Classical: On The Air

THE BBC seems to have done little if anything to mark the hundredth birthday of one of the most eminent British singers of the first half of this century, the baritone Roy Henderson. This is a shame, given his recorded legacy, and the fact that he is still very much alive. Indeed, at a birthday celebration last Sunday afternoon, he remarked that he is the last surviving artist to have recorded by singing into a large horn, the pre-electric method, that became obsolete in 1925.

Recording techniques have, of course, developed startlingly since the early days, and BBC Radio 3's Settling the Score on Sunday, which traced this development, and "From Cylinders and 78s to CDs and the Internet", had fascinating observations to make. Now that all recorded takes are stored in a computer, rather than on tape, musicians are given extraordinary opportunities, and not just the possibility to edit out all the flaws in their playing.

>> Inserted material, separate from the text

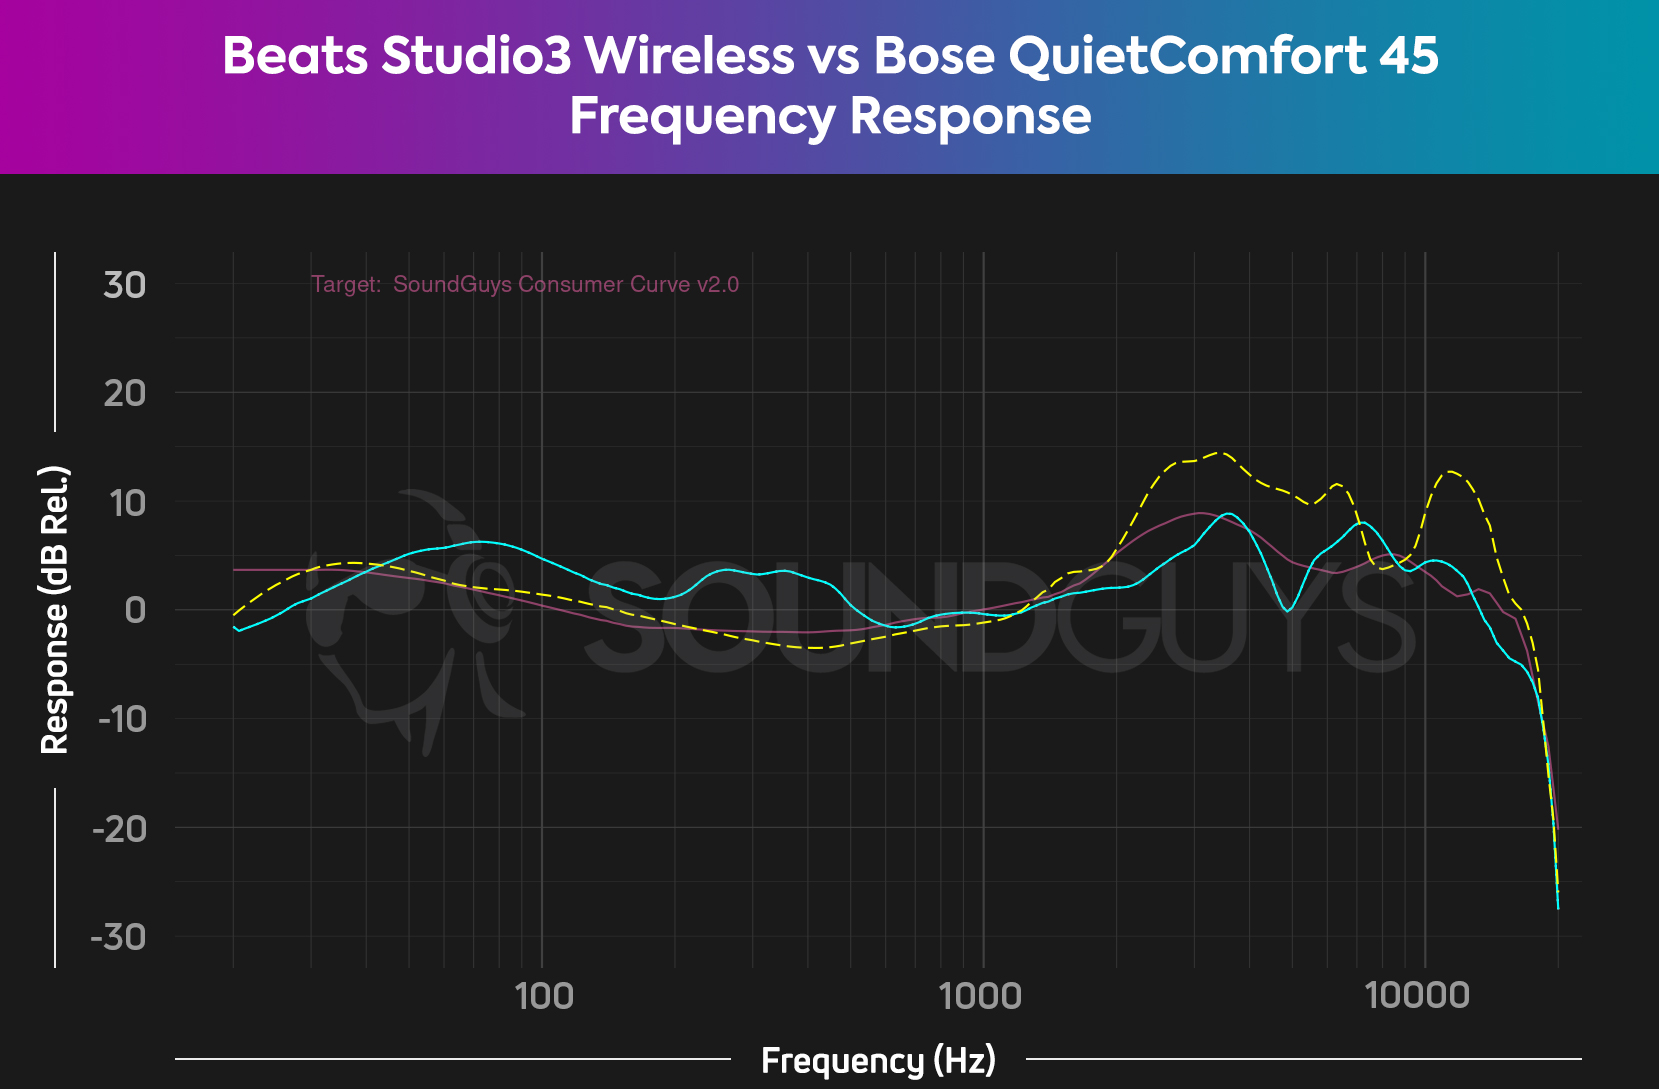 A frequency response chart compares the Beats Studio3 Wireless (cyan) headset to the Bose QuietComfort 45 (yellow dash) against our consumer curve V2 (pink), and reveals that both have their shortcomings.

It was Nicolai Demidenko who confessed that he likes to preside over early editing sessions because for him they mark a further stage in the interpretative process. Phrasings and juxtapositions of ideas which would never have occurred to him during the pressure of continuous performance can be achieved through editing. Creative feedback is possible, and the flexibility of the latest editing techniques can both suggest and encompass new interpretative ideas.

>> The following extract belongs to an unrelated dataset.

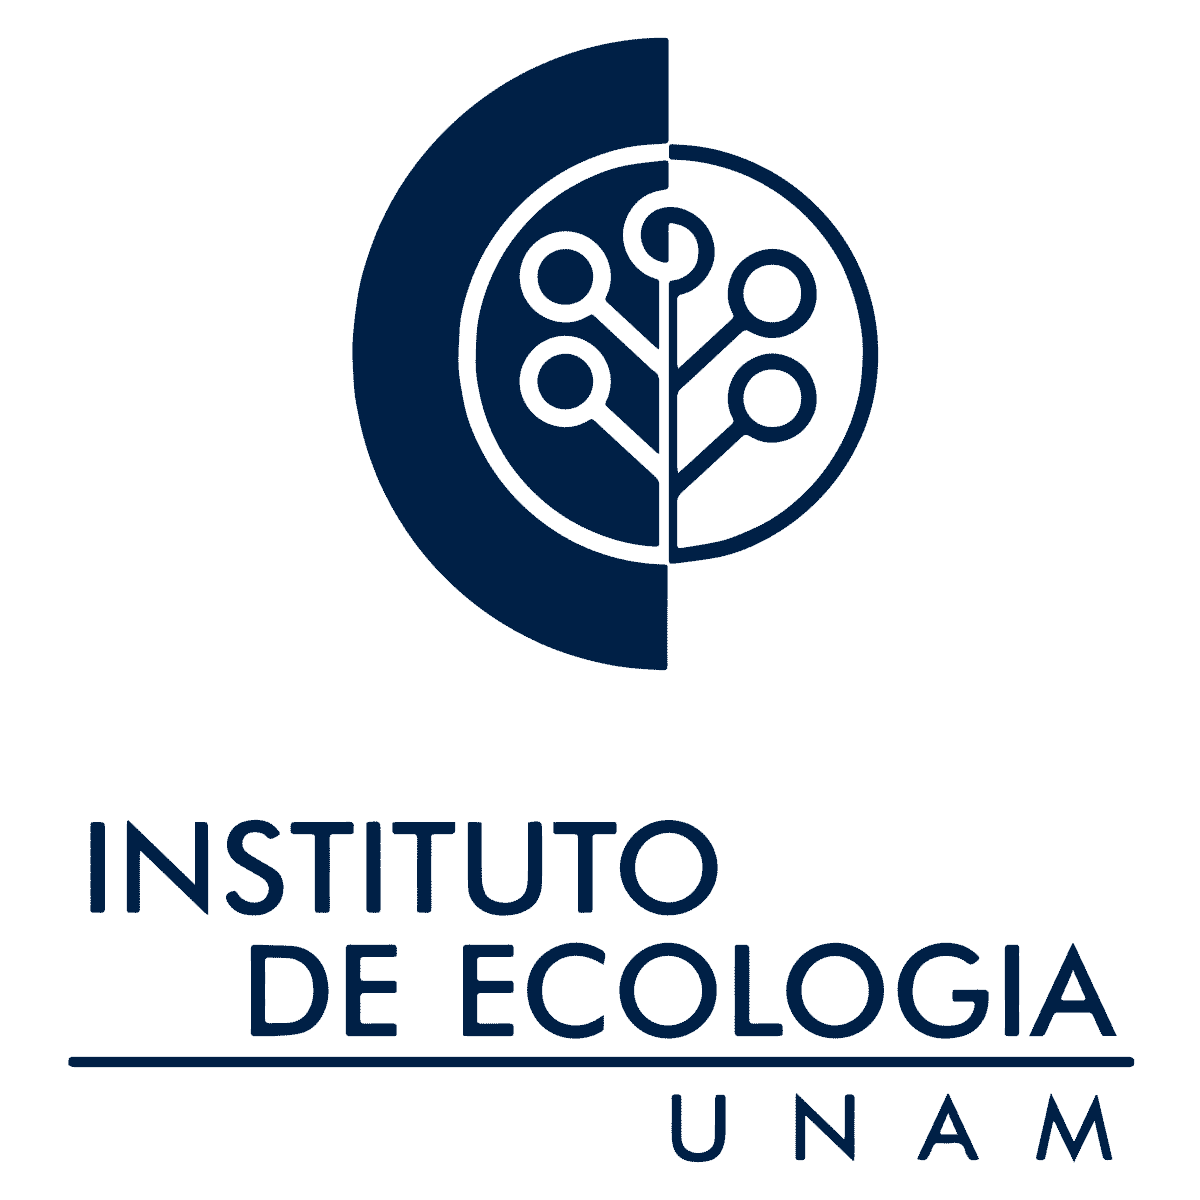 Image_InstitutoDeEcologia.png

In a programme rich in information on broadcasting as well as recording, the accessibility of serious music across an increasingly wide social spectrum was touched upon, and also the revolution achieved through the transistor radio which made private listening possible as opposed to the previously customary family listening. This led to teenage-driven markets (those "trannies" in bedrooms), and so to the pop explosion. From the purely musical view, however, one of the most perceptive contributions to the programme came from pianist Susan Tomes who focused on one of the more questionable aspects of hi-fi recording. Fidelity to what, we may ask? She has found that the clarity of today's recording techniques are in danger of making her self-consciously aware of her own contribution to a chamber texture - this to the exclusion of listening and responding to her musical partners.

Further examination of the pros and cons of recording was to be heard next day in Radio 3's Opera in Action. Martin Handley examined live opera recordings to see whether the spontaneity and risk-taking involved outweighed the flawless but perhaps rather safe results of the studio. An emotionally extended, but by no means exhausted Birgit Nilsson in the "Liebestod" from a live Bayreuth performance certainly achieved an emotional intensity which studio recordings rarely attain to.

But the point is not quite that easily made. There were flaws here which, on repeated listening without the element of total theatre, could begin to pall, and there's much to be said for a studio's clear exposition of the musical text to which we can bring the theatre of our minds. Still further interesting comparisons were made, and it was fun to hear Callas fighting to sing in La Traviata while being unnecessarily and very audibly prompted.

All of which leaves little space to thank John Tusa for saying most eloquently in his Cheltenham Festival interval talks what all committed artists long to say to the politicians: Art does indeed matter. In fact, it is a matter of life and death.